Does it rotate for placing the grads?
_Yes, but it may cause a vignette on full frame sensor.
_

Is there an adapter for a CPL or is one expected soon?
_It is not at this moment._


----------



## flowers (Feb 3, 2014)

pinktech said:


> I finally heard back from Samyang Europe this morning. If they're truly not going to add a few more filters, I think this is a No for me, esp. since I use a FF camera. If it's going to be limited to a light ND and you have to buy another set down the road anyway,... Oh, and they called me Sir, but I am a Madame.
> 
> (copied from email, their reply is italicized)
> 
> ...



Thank you so much for sharing! No CPL? Then it's not for me. I also shoot FF.


----------



## rmfagan (Feb 3, 2014)

A circular polarizer on a 14mm lens on FF is fairly pointless... Because polarization can only occur over a limited angle (90 degree IIRC) using one on such a wide lens would almost certainly result in uneven polarization across the image, i.e. banding in a blue sky. 

It is generally not recommended.


----------



## sagittariansrock (Feb 3, 2014)

rmfagan said:


> A circular polarizer on a 14mm lens on FF is fairly pointless... Because polarization can only occur over a limited angle (90 degree IIRC) using one on such a wide lens would almost certainly result in uneven polarization across the image, i.e. banding in a blue sky.
> 
> It is generally not recommended.



Polarizer at 14mm is not pointless.
1. Your frame might only contain a part of the sky.
2. You might want to reduce reflections in an indoor shot.
Not allowing polarizers is restrictive.
It is silly that Samyang couldn't make something compatible with the 150mm filters.
If they work with the 14-24 I don't see why they won't with the 14mm.
I'll receive mine in a few minutes and will probably have to look for a DIY solution.


----------



## flowers (Feb 4, 2014)

sagittariansrock said:


> rmfagan said:
> 
> 
> > A circular polarizer on a 14mm lens on FF is fairly pointless... Because polarization can only occur over a limited angle (90 degree IIRC) using one on such a wide lens would almost certainly result in uneven polarization across the image, i.e. banding in a blue sky.
> ...



Thank you for this post.  Like you said, CPL is not for skies, it's for manipulating polarized reflections (polarized light in the sky is reflected sunlight) inside and outside. It's not in any way restricted to "making the sky bluer".
Let us know your impressions on the filter holder and if you succeed in adapting a third party CPL filter to it somehow!


----------



## rmfagan (Feb 4, 2014)

I am aware that uses for a cpl extend beyond darkening skies. Rather I was using that as an example. Regardless, natural or artificial light will scatter and an ultra wide such as the Samyang 14 will result in uneven polarization across the frame, whether that frame includes sky or not.
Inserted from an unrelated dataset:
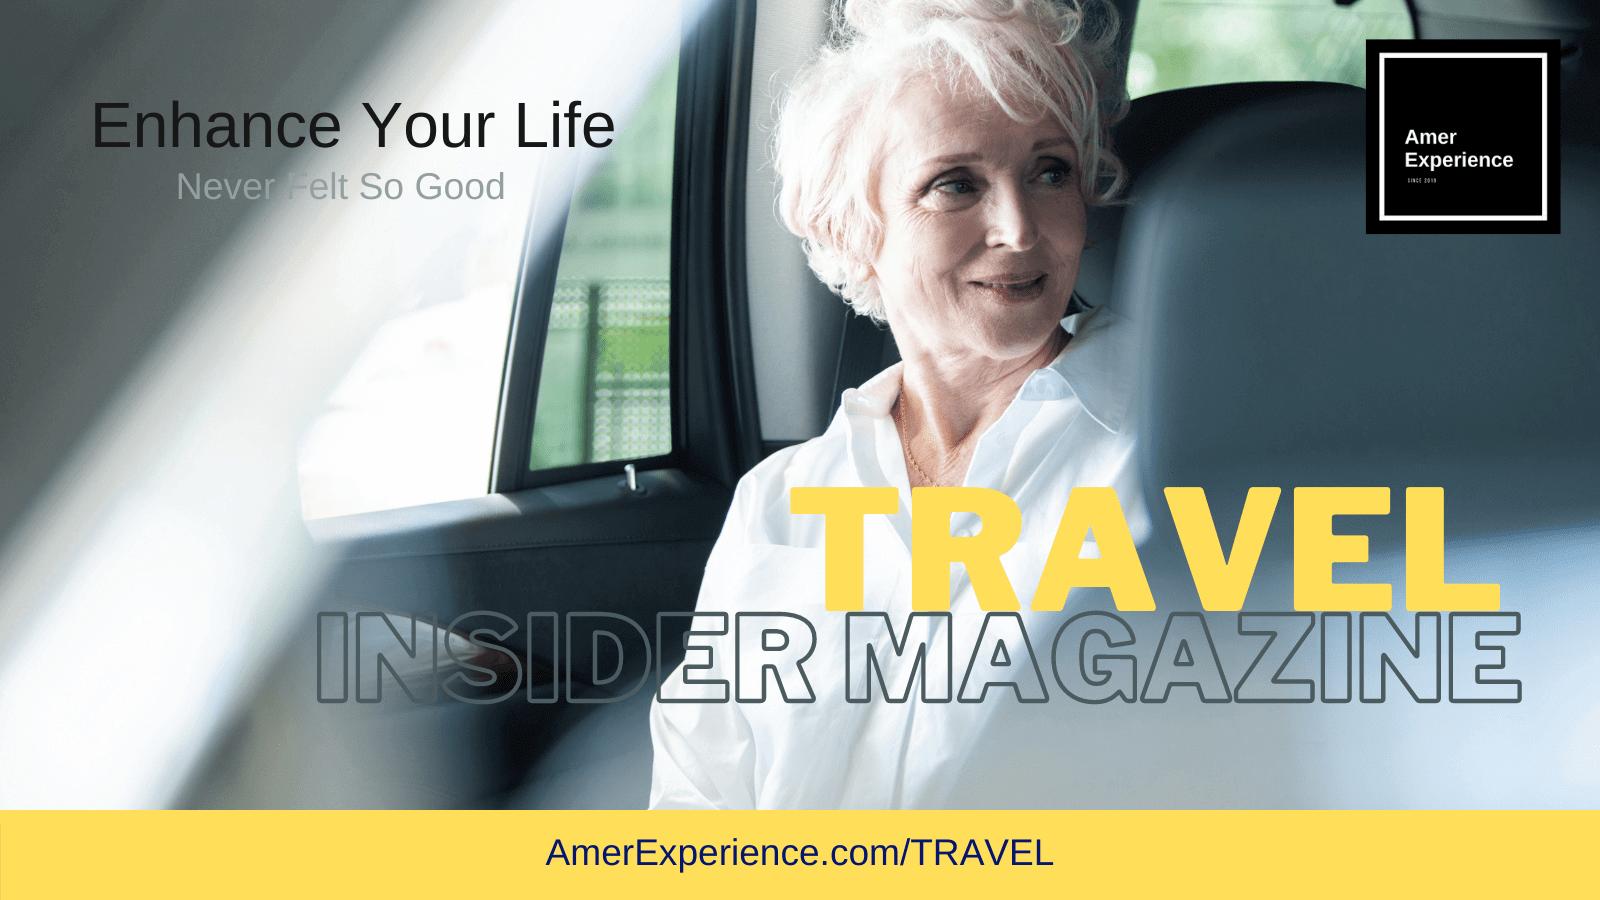 Travel Insider Magazine AmerExperience

Granted, this phenomenon is most apparent with an even subject such as a blue sky. While other images may not show it as well, it still occurs.


----------



## privatebydesign (Feb 4, 2014)

rmfagan said:


> I am aware that uses for a cpl extend beyond darkening skies. Rather I was using that as an example. Regardless, natural or artificial light will scatter and an ultra wide such as the Samyang 14 will result in uneven polarization across the frame, whether that frame includes sky or not. Granted, this phenomenon is most apparent with an even subject such as a blue sky. While other images may not show it as well, it still occurs.



I use a CPL with the 17TS-E a lot, it does an amazingly good job of killing glare in interiors and on pool decks. Wooden floors, wow, couldn't shoot a wooden floor without a CPL now, same for granite counter tops etc etc.


----------